De otro modo dicho: no tan solo la fe, sino también la verdad, son momentos de comprensión y experimentación progresivos que el ser humano transita y contempla a manera de horizonte de sentido perfeccionándose necesariamente en la historia con inercia hacia la sublimación en Dios. De ahí que no podamos seguir instalados en una supuesta superioridad indiscutible de los elementos tradicionales de nuestras propias tradiciones religiosas. Desde esta perspectiva, lo tradicional estaría también sometido a las nuevas aproximaciones epocales que el esfuerzo del giro hermenéutico alumbre, sin menoscabo que dicho esfuerzo bien pudiera fundamentar, pulir y actualizar los principios profundos que nuestras más prístinas tradiciones proponen, aunque de otro nuevo modo leídos.


El giro hermenéutico que contempla al hermano de otra religión realmente como tal constriñe al cristiano a un esfuerzo importante que implica apertura, coraje y discernimiento.
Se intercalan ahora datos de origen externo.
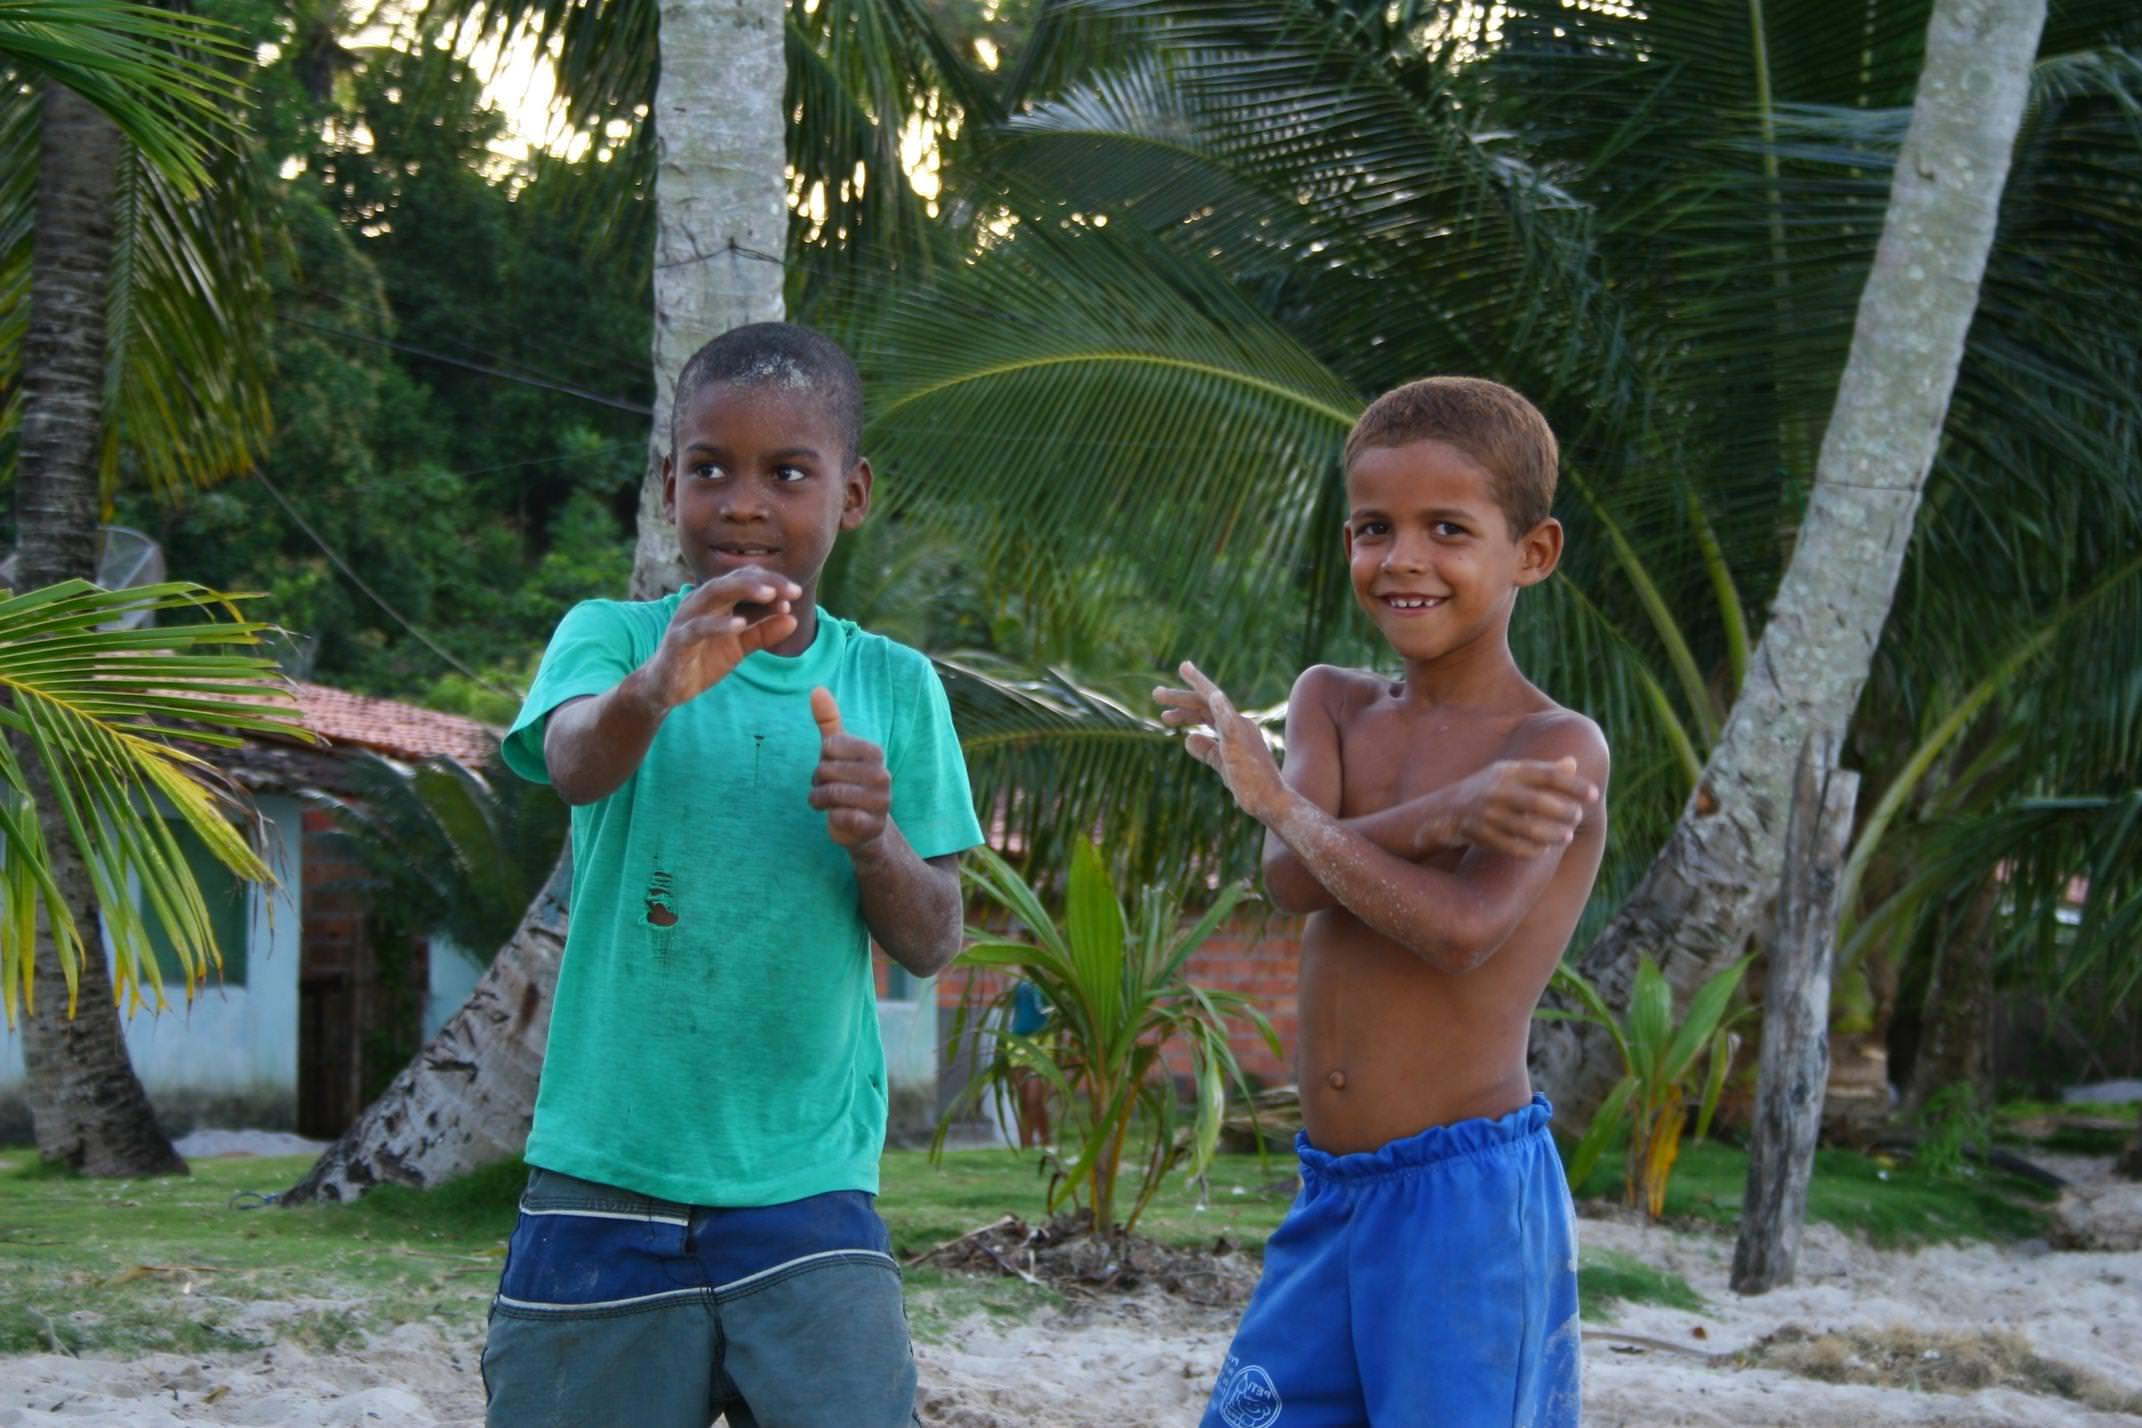 Brazil bahia boipeba island smiling children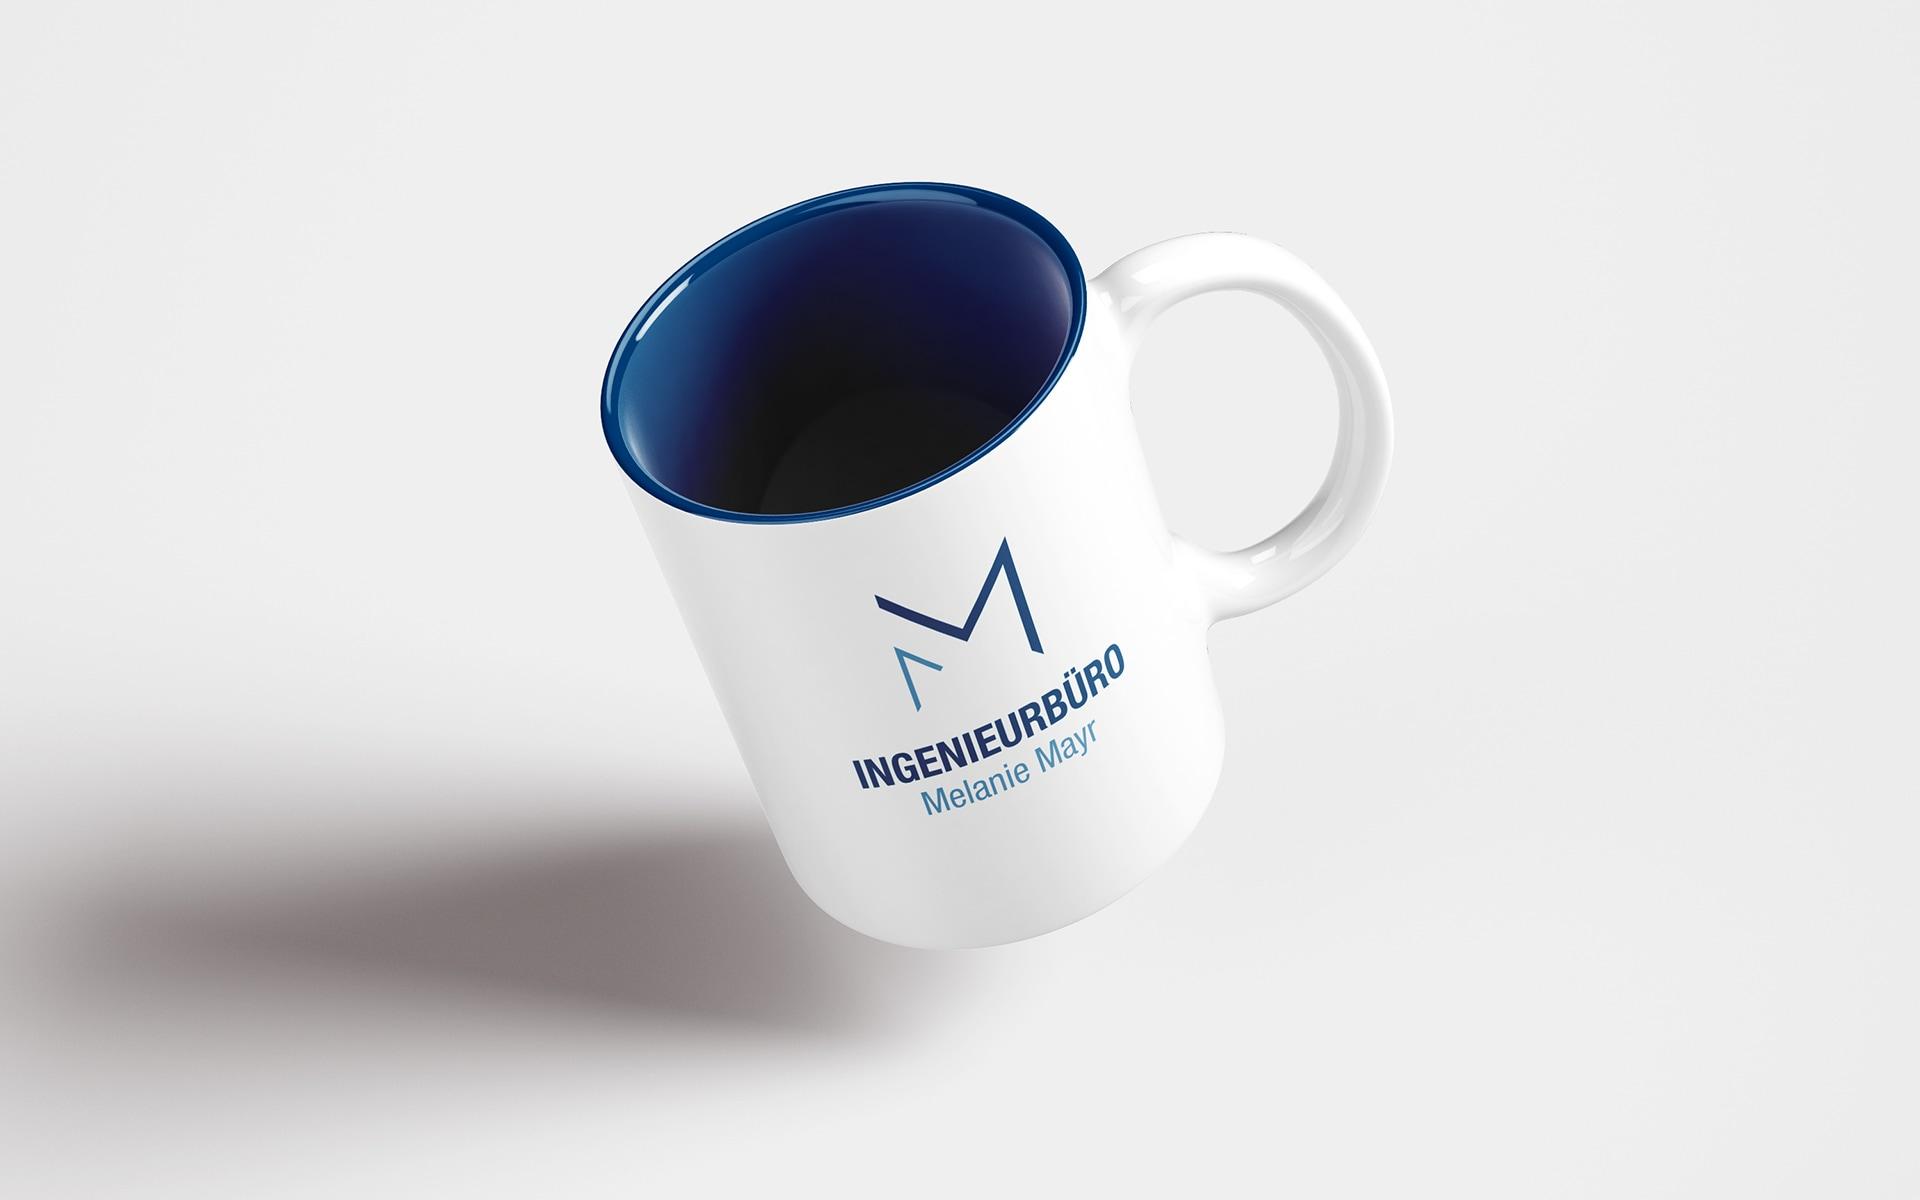 maxfath-ingenieurbuero-melanie-mayr-mering-branding-tasse

En efecto, porque ya no se trata de soportar al diferente, sino de aceptar sin sonrojo que su discurso posee la verdad que implementa la imagen de Dios en su persona. Pero no fragmentaria, sino total. Es improbable que cualquiera de vosotros, amables lectores cristianos que ahora tenéis la paciencia de leer nuestro texto, de haber nacido en el Tíbet, de haberos incardinado en un medio contextual e histórico religioso tibetano tan diferente al nuestro, fueseis cristianos.


El giro hermenéutico propala hacia la identificación empática y holística de la realidad de la otroidad. No apunta hacia la ortodoxia sino hacia la “ortopraxis”. Exige amor, no dogmatismo. Ve la realidad en el ser del prójimo, en sus más íntimos convencimientos, no en un ordenamiento dogmatizado y diferenciador de lo teológico. Implica una sinergia cuyo centro de gravedad está en el amor y en la igualdad, nunca en la diferencia. Esto no significa sincretismo ni indiferencia religiosa, por ejemplo, no equivale para los cristianos el rechazo de Cristo ... sino en el hecho de fiar que el diferente, al igual que tú, expone y experimenta lo divino a partir de experiencias de fe enraizadas en otros y no inferiores modos de comprensión de lo divino.



[Mevlana Rumí]



Decía ya Rumí, el gran místico sufí en el siglo XIII, que bebemos todos exactamente el mismo vino, aunque ciertamente muy diferentes fueran la forma de los vasos que lo contienen.




Per semper vivit in Christo Iesu




 

[1] Importantes pensadores de la talla de Ulrich Beck y Anthony Giddens mantuvieron que la postmodernidad no tendría ser. Nos encontraríamos todavía inmersos en los estertores finales de una sociedad de riesgo denominada modernidad.